Shared Task on Machine Translation Gender Bias Evaluation with Multilingual Holistic Bias


Demographic biases are relatively infrequent phenomena but present a very important problem. The development of datasets in this area has raised the interest in evaluating Natural Language Processing (NLP) models beyond standard quality terms. In Machine Translation (MT), gender bias is observed when translations show errors in linguistic gender determination despite the fact that there are sufficient gender clues in the source content for a system to infer the correct gendered forms. To illustrate this phenomenon, sentence (1) below does not contain enough linguistic clues for a translation system to decide which gendered form should be used when translating into a language where the word for doctor is gendered. Sentence (2), however, includes a gendered pronoun which most likely has the word doctor as its antecedent. Sentence (3) shows two variations of the exact sentence with the only variation of the gender inflection. 

1. I didn’t feel well, so I made an appointment with my doctor. 

2. My doctor is very attentive to her patients’ needs. 

3. Mi amiga es una ama de casa / Mi amigo es un amo de casa. (in English, My (female/male) friend is a homemaker)

Gender bias is observed when the system produces the wrong gendered form when translating sentence (2) into a language that uses distinct gendered forms for the word doctor. A single error in the translation of an utterance the like of sentence (1) would not be sufficient to conclude that gender bias exists in the model; doing so would take consistently observing one linguistic gender over another. Finally, a lack of robustness is shown in sentence (3) if the translation quality differs in the translation of sentences in (3).

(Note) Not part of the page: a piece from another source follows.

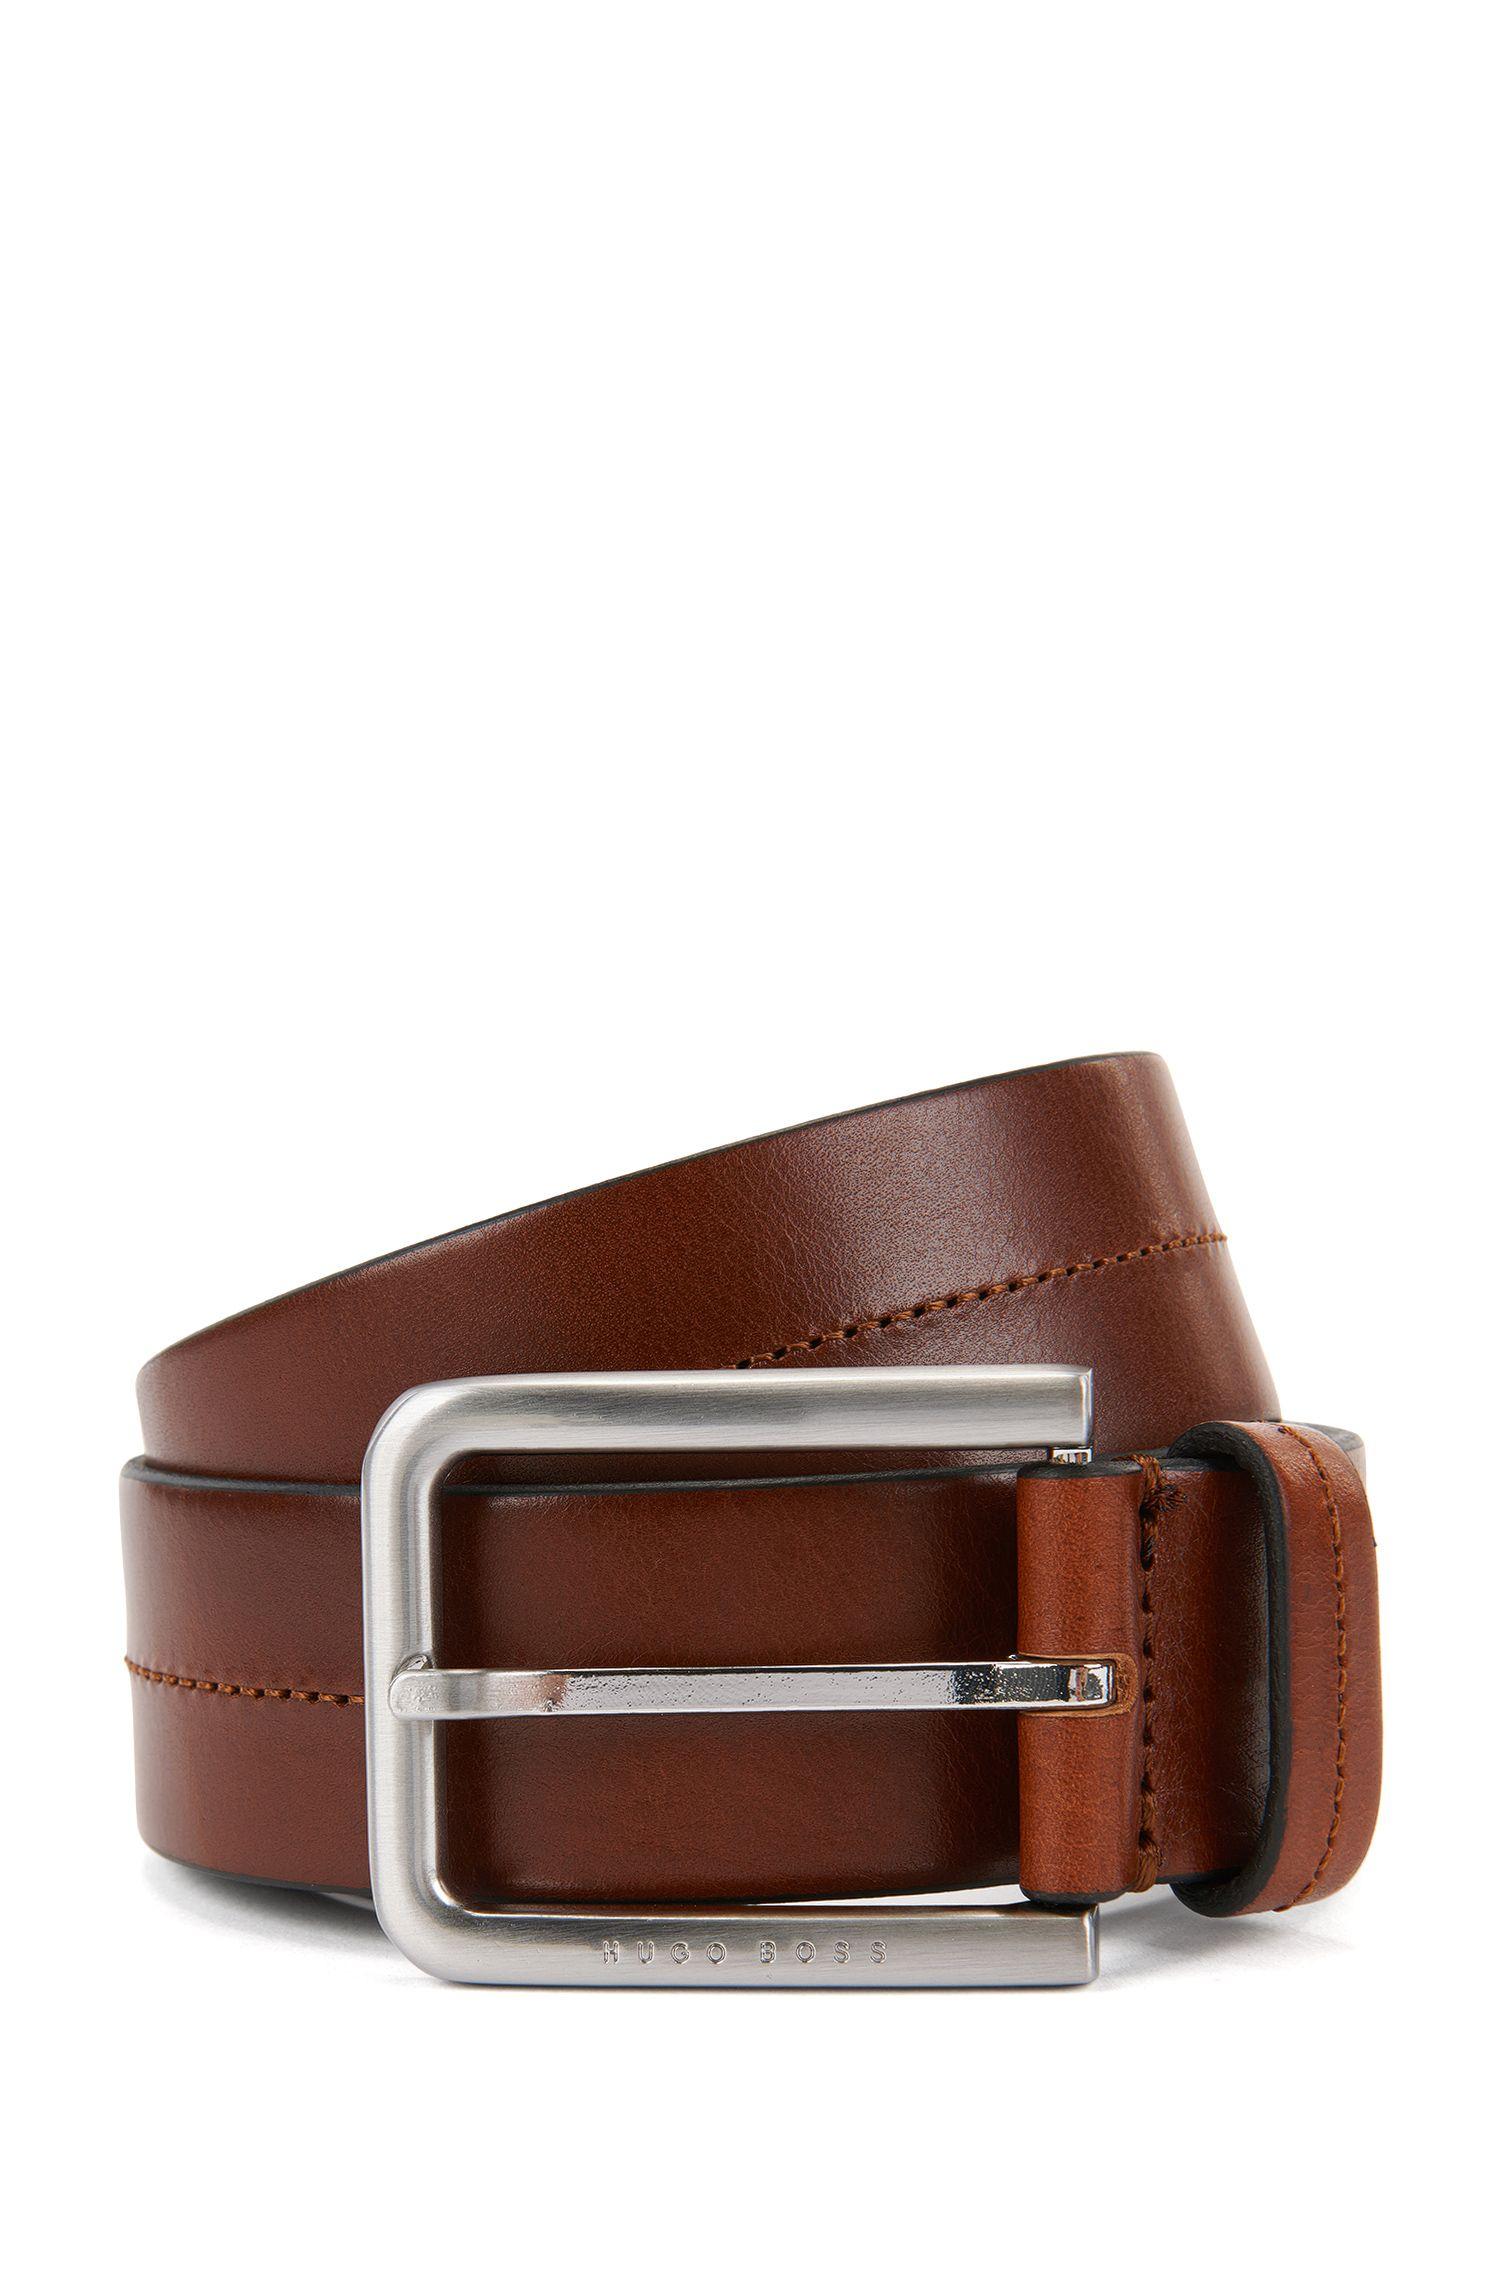 Leather belt with tonal stitching

It has previously been hypothesized that one possible source of gender bias is gender representation imbalance in large training and evaluation data sets, e.g. [Costa-jussà et al., 2022; Qian et al., 2022]

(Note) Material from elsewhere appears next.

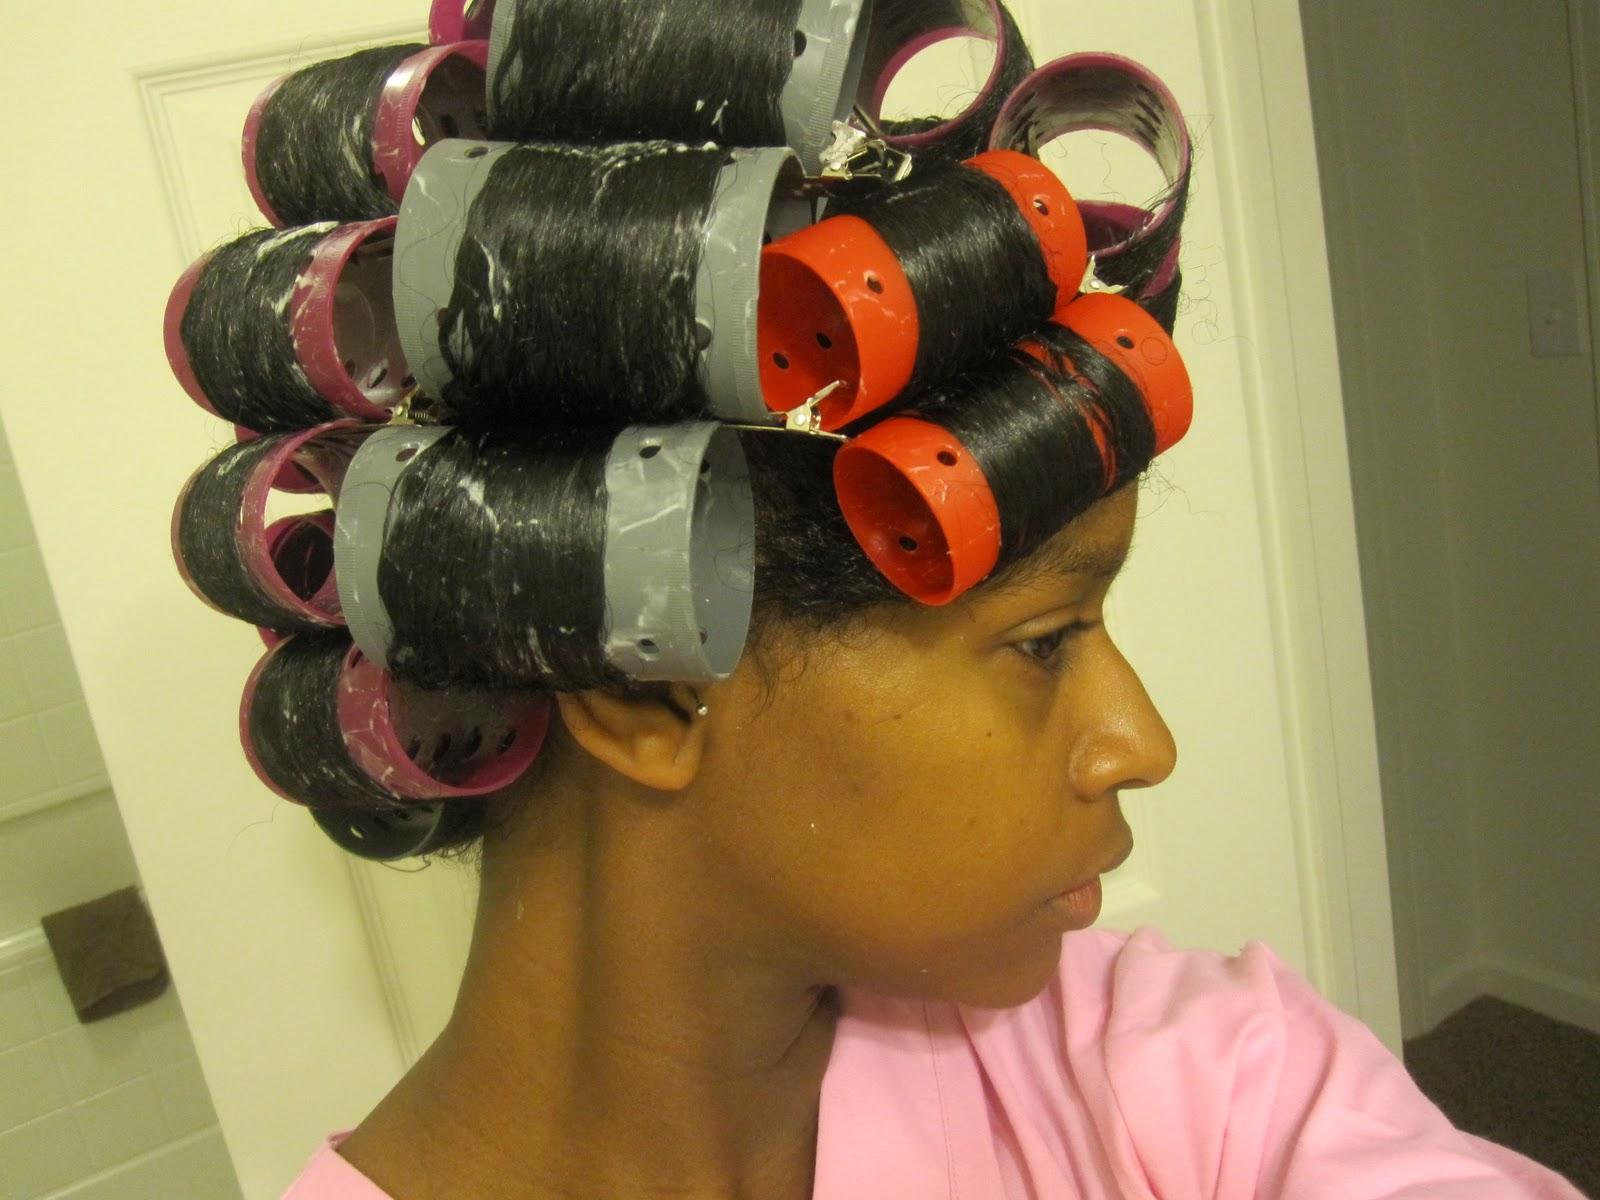 MahoganyCurls' Natural Hair Roller Set - Strawberricurls

The goals of the shared translation task are:

Shared Task Description

We propose to evaluate the 3 cases of gender bias: gender-specific, gender robustness and unambiguous gender.

Description Task 1: Gender-specific

In the English-to-X translation direction, we evaluate the capacity of machine translation systems to generate gender-specific translations from English neutral inputs (e.g.  I didn’t feel well, so I made an appointment with my doctor.) This can be illustrated by the fact that machine translation (MT) models systematically translate neutral source sentences into masculine or feminine depending on the stereotypical usage of the word (e.g. “homemakers” into “amas de casa”, which is the feminine form in Spanish and “doctors” into “médicos”, which is the masculine form in Spanish). 

Description Task 2: Gender Robustness

In the X-to-English translation direction, we compare the robustness of the model when the source input only differs in gender (masculine or feminine), e.g. in Spanish: Mi amiga es una ama de casa / Mi amigo es un amo de casa.

Description Task 3: Unambiguous Gender

In the X-to-X translation direction, we evaluate the unambiguous gender translation across languages and without being English-centric, e.g, Spanish-to-Catalan: Mi amiga es una ama de casa is translated into La meva amiga és una mestressa de casa  

Submission details

X Languages. In addition to English, our challenge covers 26 languages: Modern Standard Arabic, Belarusian, Bulgarian, Catalan, Czech, Danish, German, French, Italian, Lithuanian, Standard Latvian, Marathi, Dutch, Portuguese, Romanian, Russian, Slovak, Slovenian, Spanish, Swedish, Tamil, Thai, Ukrainian, Urdu

Evaluation. The challenge will be evaluated using automatic metrics. Evaluation criteria will be in terms of overall translation quality and difference in performance for male and female sets. More details will be provided.

Submission platform. We will use the Dynabench platform for all tasks.

Important Dates.

From December: Fill in the interest form

Mar 20, 2024: Model Submission Opens

May 20, 2024: Model Submission Closes

May 24, 2024: System paper submission deadline

June 21, 2024: Notifications of the acceptance

July 5, 2024: Camera-Ready version

August 16, Workshop at ACL


Marta Costa-jussà, Pierre Andrews, Eric Smith, Prangthip Hansanti, Christophe Ropers, Elahe Kalbassi, Cynthia Gao, Daniel Licht, and Carleigh Wood. 2023. Multilingual Holistic Bias: Extending Descriptors and Patterns to Unveil Demographic Biases in Languages at Scale. In Proceedings of the 2023 Conference on Empirical Methods in Natural Language Processing, pages 14141–14156, Singapore. Association for Computational Linguistics.